Comment by Jonathan on February 27, 2009 at 10:49am
Hey, Bobby: Just think about all that you HAVE ACHIEVED and CONQUERED. You kicked the drugs, alcohol and other stuff that was sending your life down hill, and found a way out of the hole. Is there anyone on this board that can do everything perfectly all the time, or even most of the time? We all have our temptations and our weaknesses, and, in my view, at least, recognizing them is part of getting better. Right now, there is a big plate of cookies and brownies sitting about 30 feet away from me -- leftovers from someone's lunch. They are calling out, begging me to come to them. I know I'm going to give in. It's only a matter of time, because I know that I always do. Consciously or subconsciously, it is a choice we make. As long as you can see what you are doing, you can find the way out of the hole. You've done it before. You will do it again. Reading about the things you have accomplished is inspiring.

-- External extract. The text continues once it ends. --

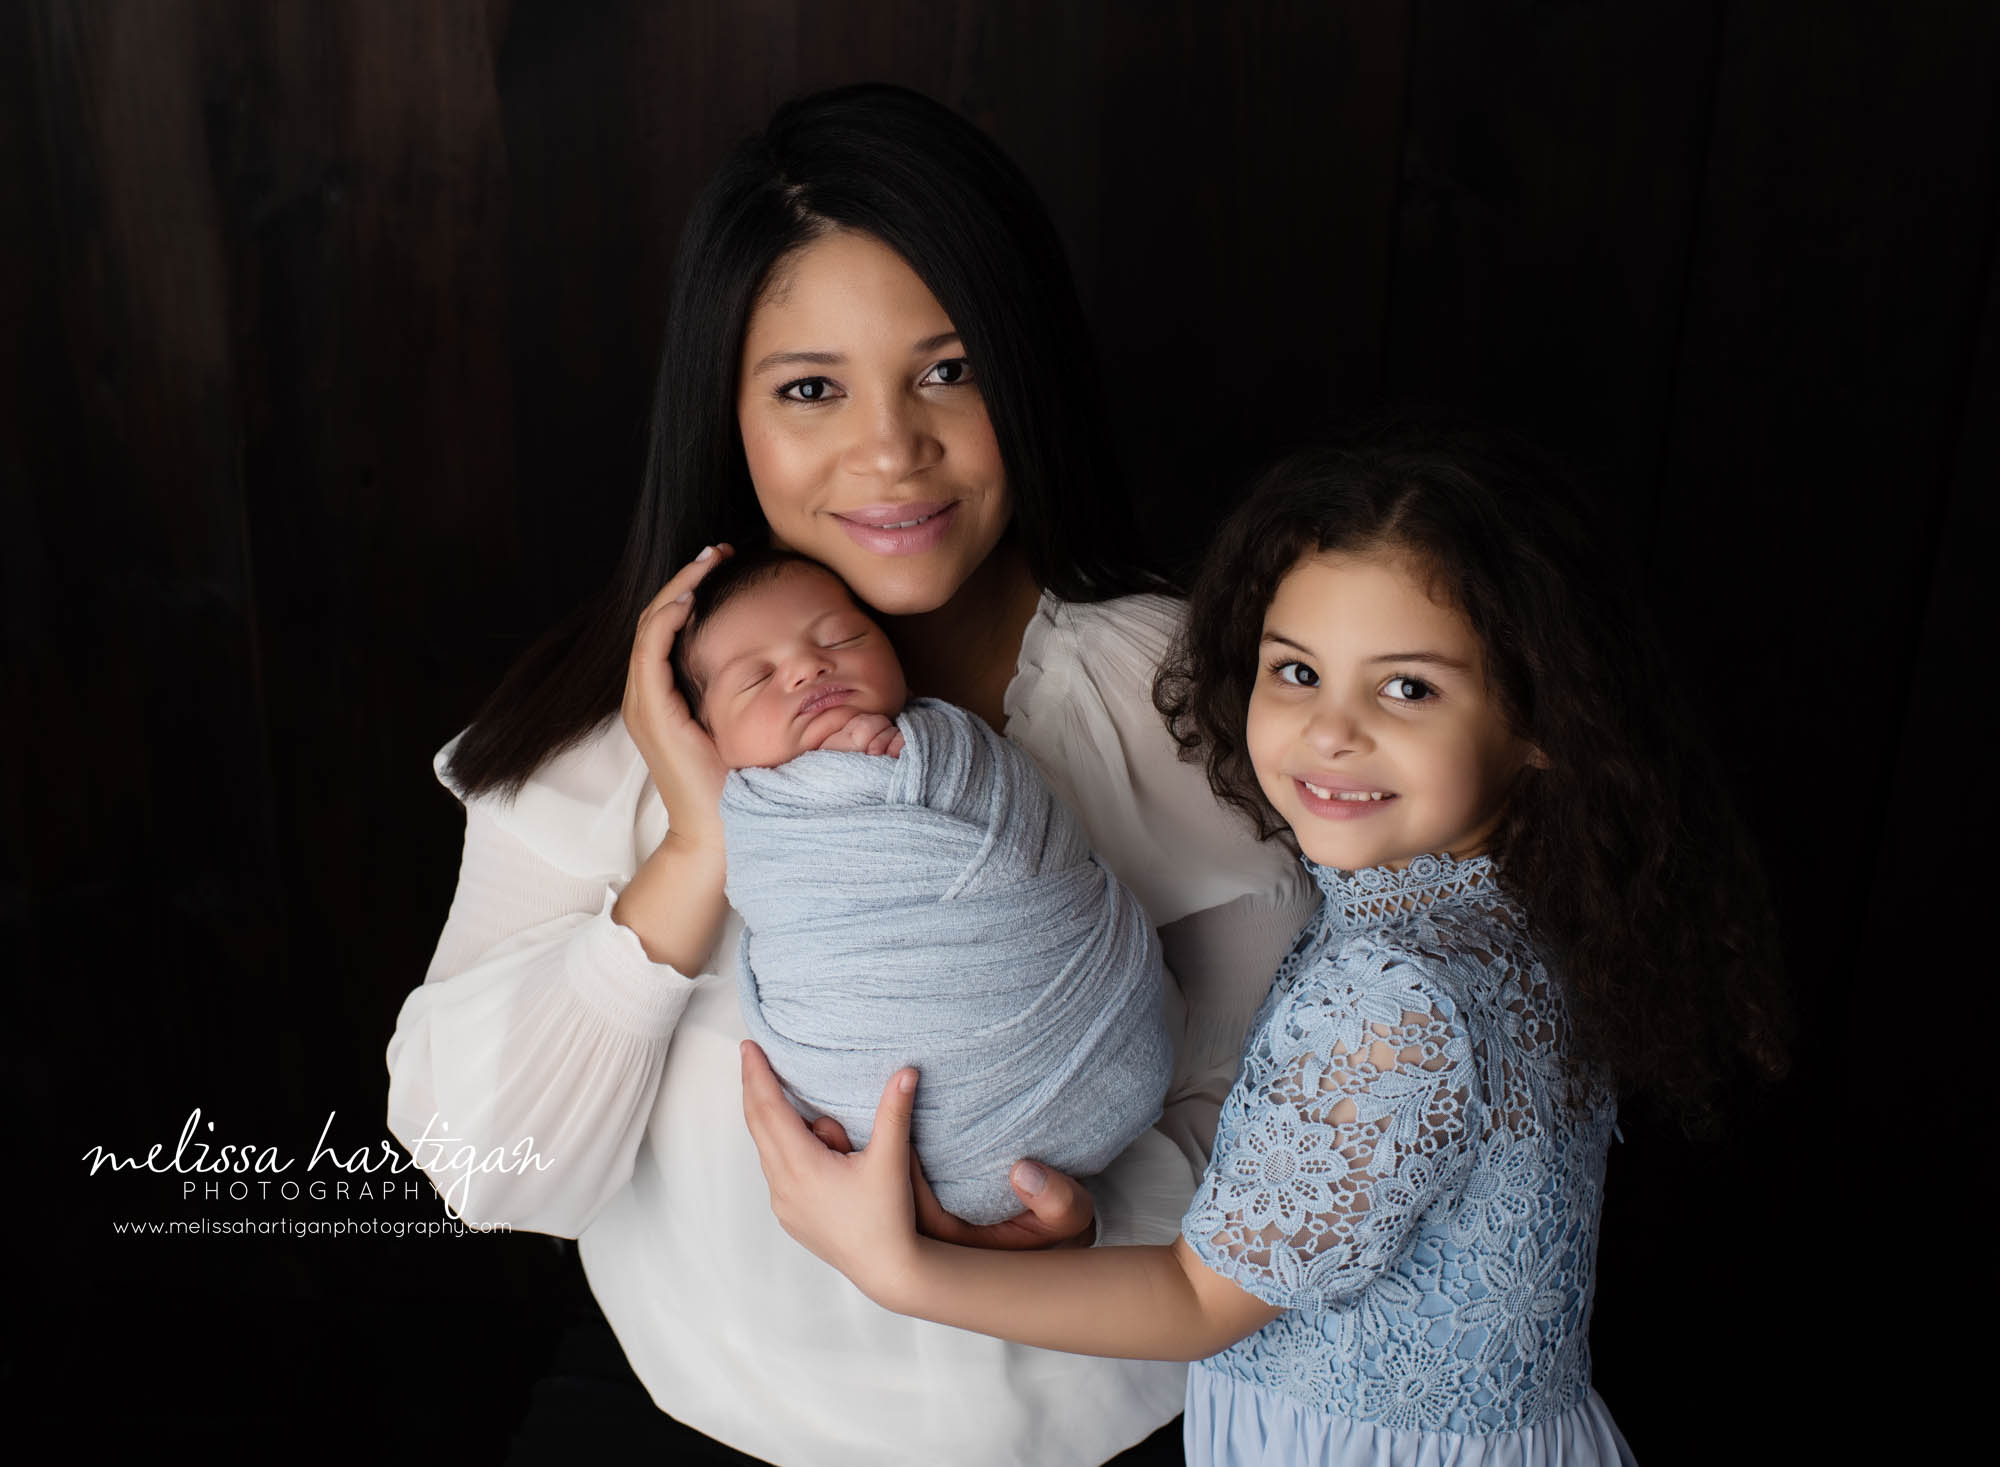 Newborn baby boy with mom and older sister studio photography session pose

Comment by MomsL8 on February 27, 2009 at 12:11pm
Bobby: I so understand how you feel. You know this already, but God doesn't give you anymore than you can handle (even if we wonder about that). You know God has a purpose and a mission for you. Look how far you've come - you may never imagine that maybe someday you will be an inspiration to someone who needs help to the path you've taken. And you will know that you've done good.